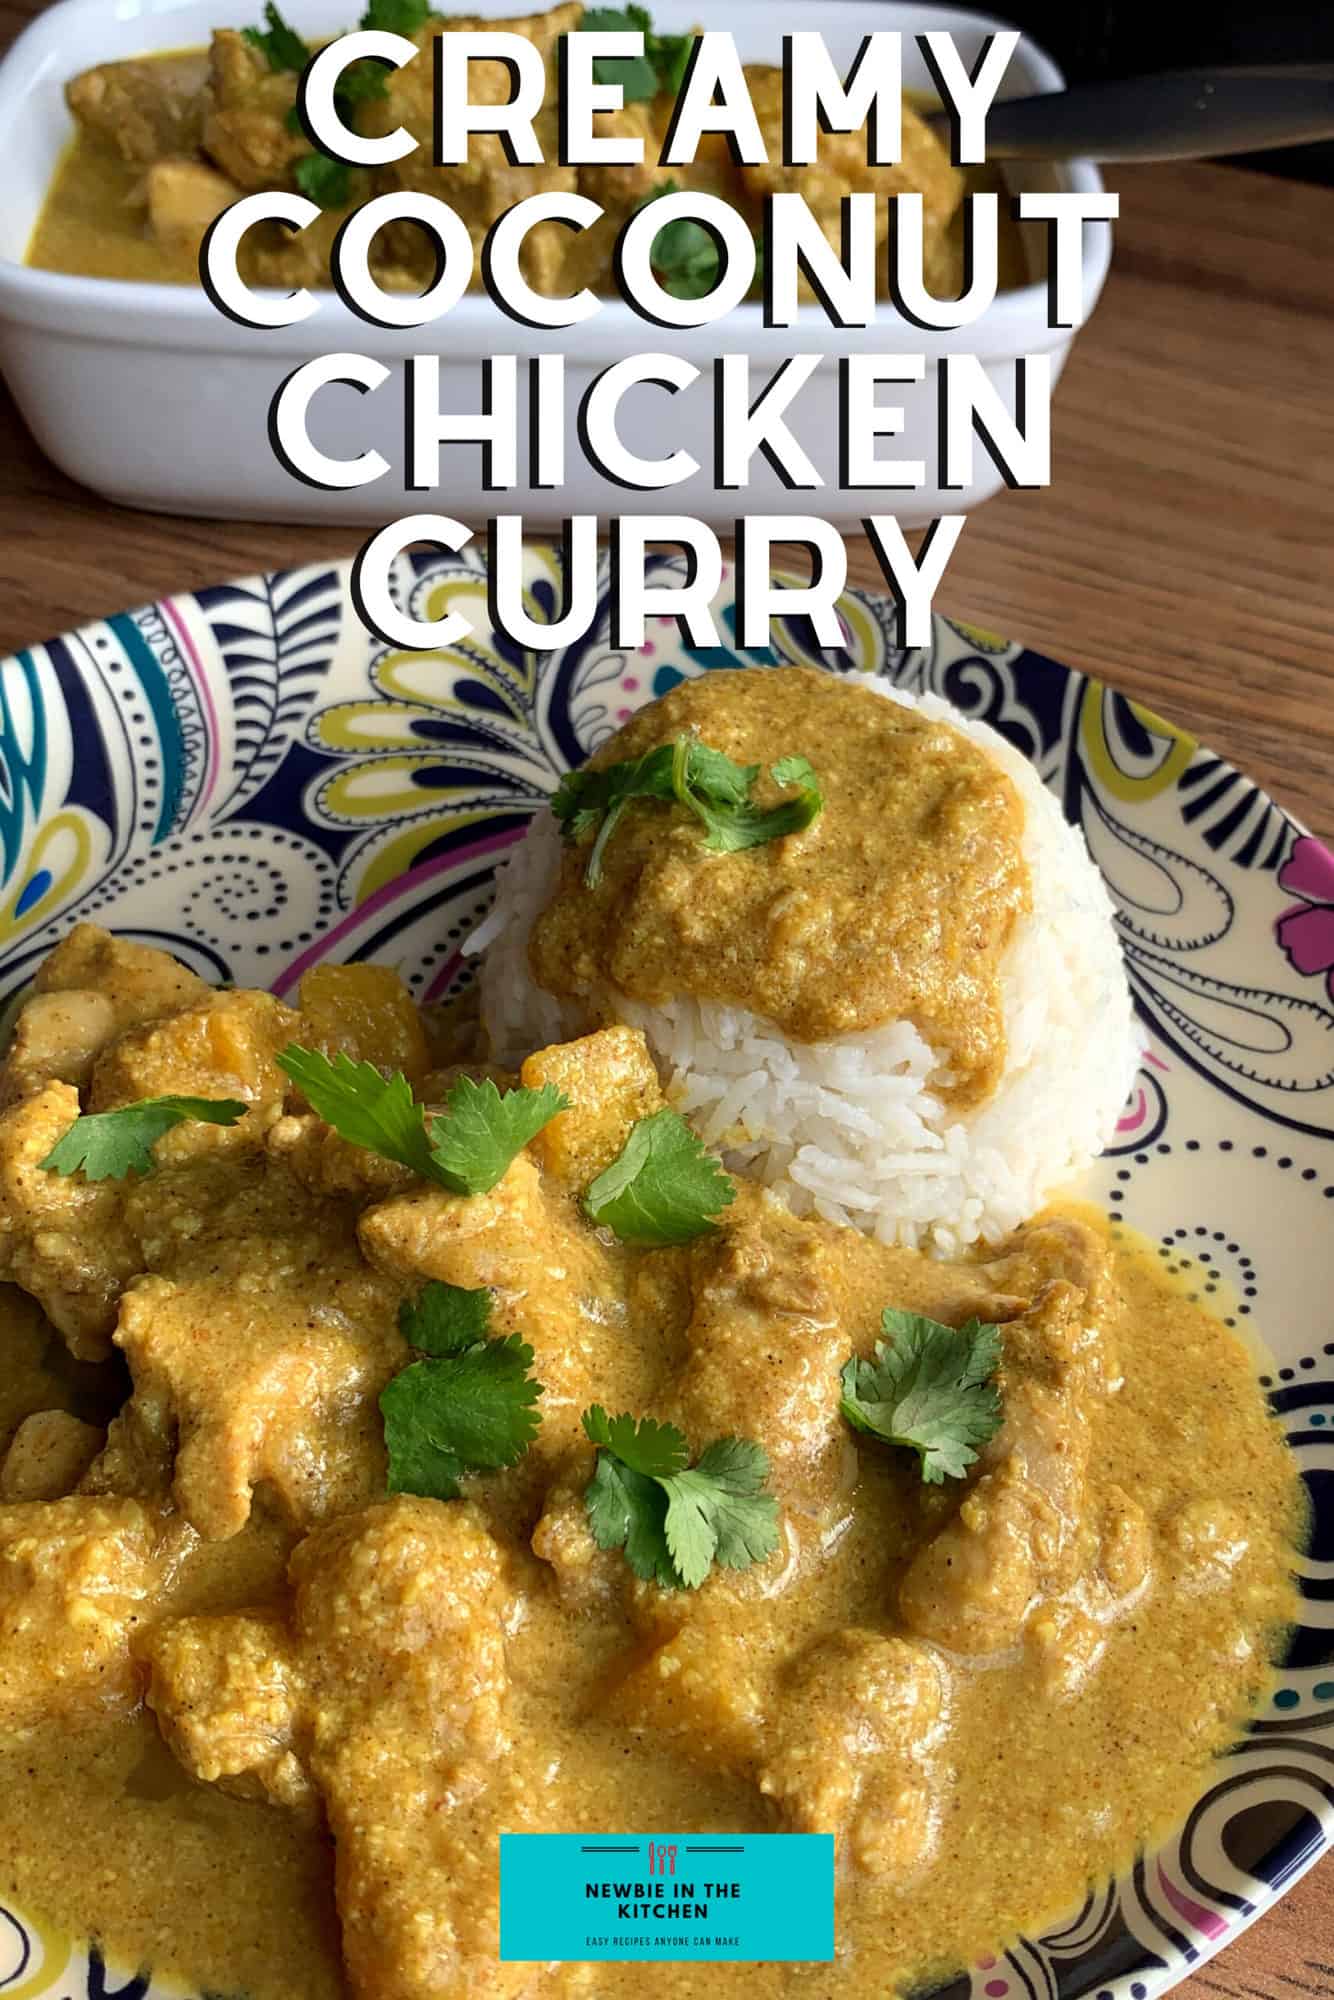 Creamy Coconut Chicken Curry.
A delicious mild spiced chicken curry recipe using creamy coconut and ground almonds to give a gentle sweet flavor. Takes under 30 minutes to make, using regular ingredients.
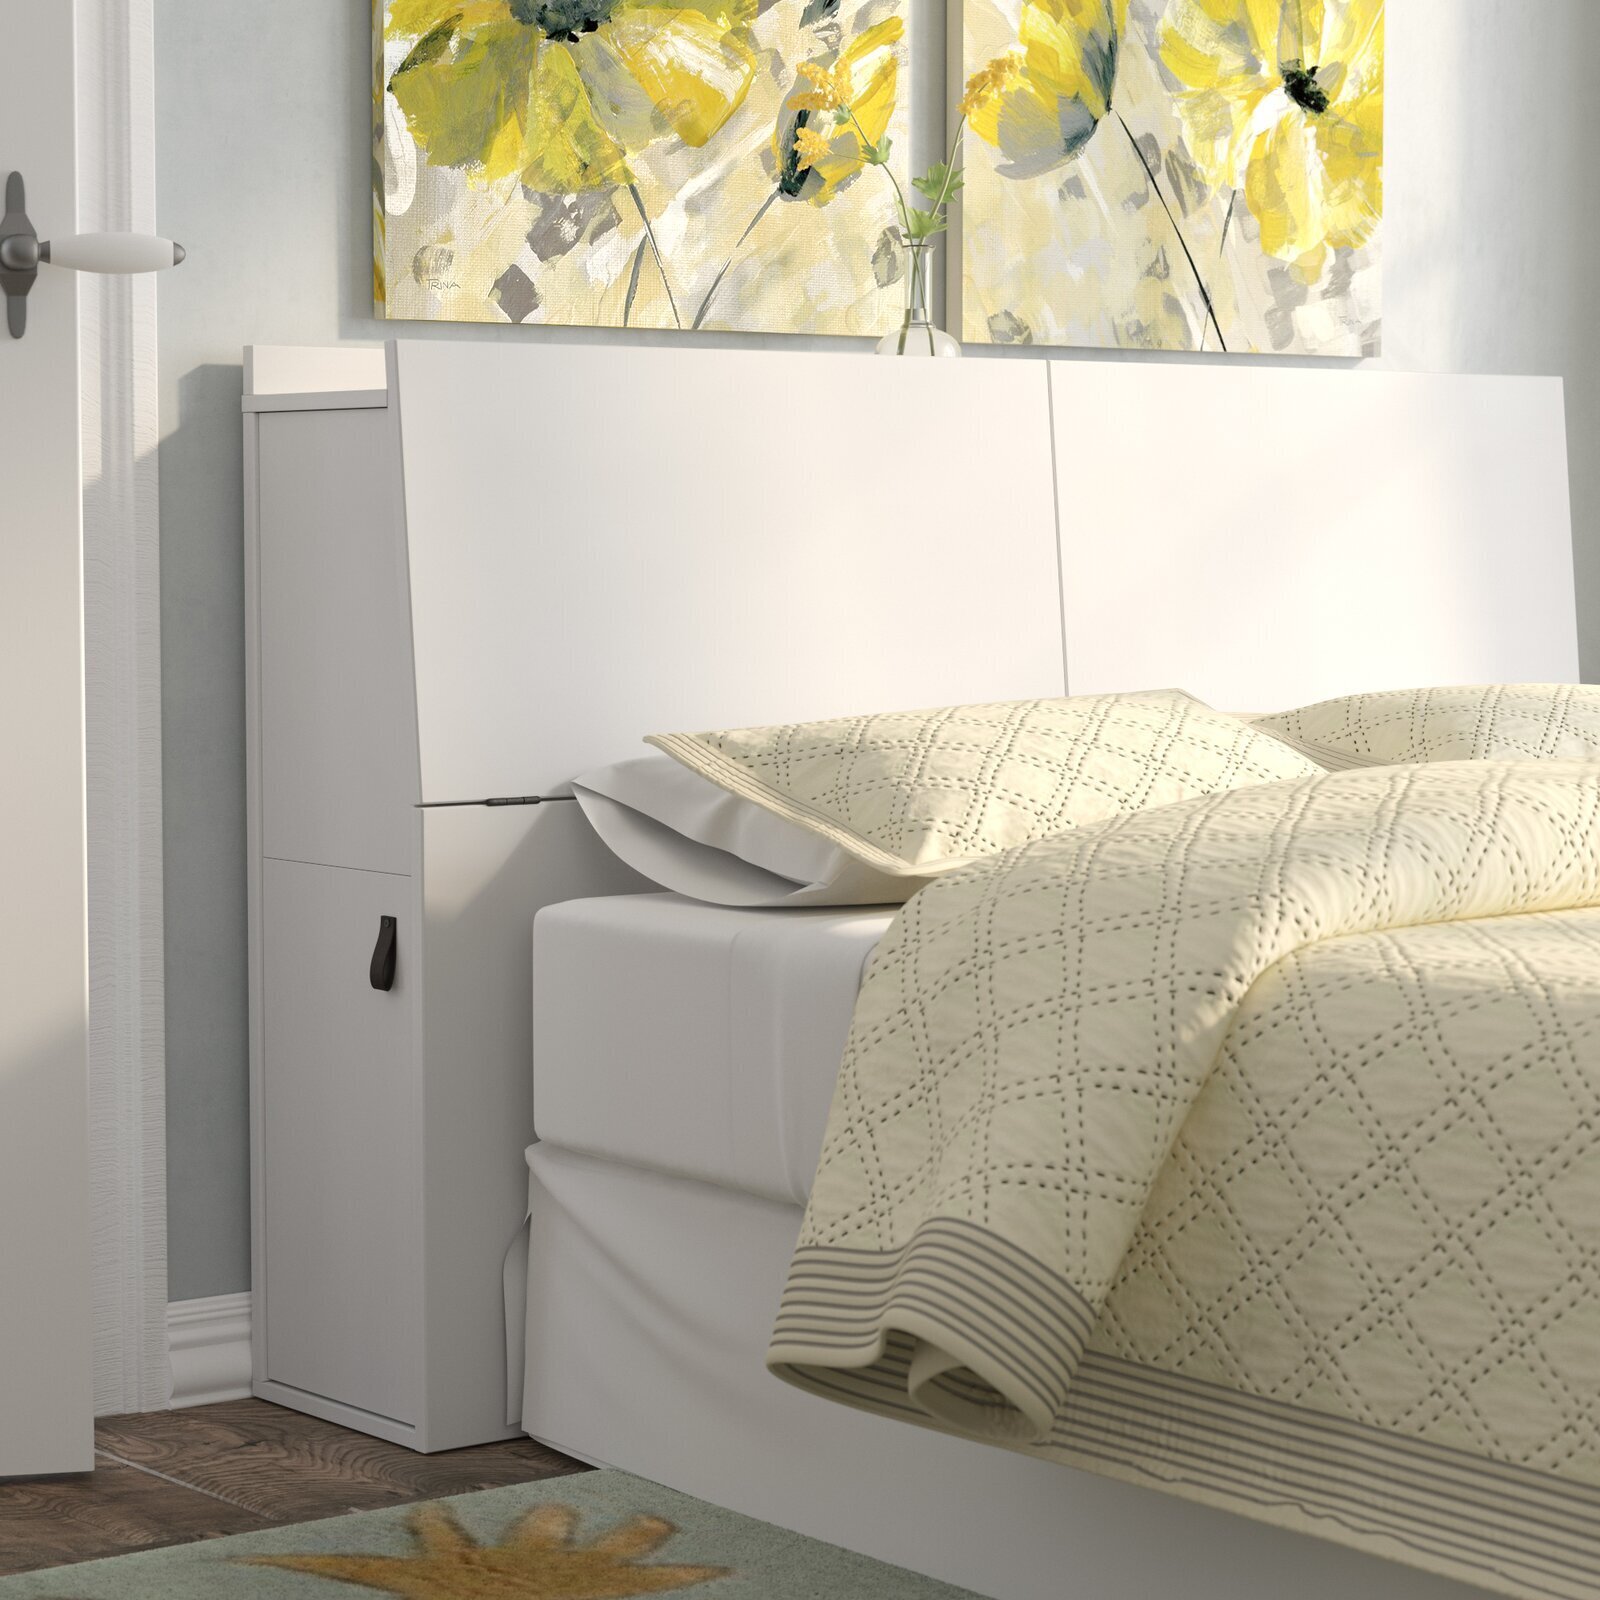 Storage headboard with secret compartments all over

━━━━━━━━

● **Task instructions**
Copy out all of the material exactly as written, without its pictures.

● **Completed task**
 Creamy Coconut Chicken Curry.
A delicious mild spiced chicken curry recipe using creamy coconut and ground almonds to give a gentle sweet flavor. Takes under 30 minutes to make, using regular ingredients.
 Storage headboard with secret compartments all over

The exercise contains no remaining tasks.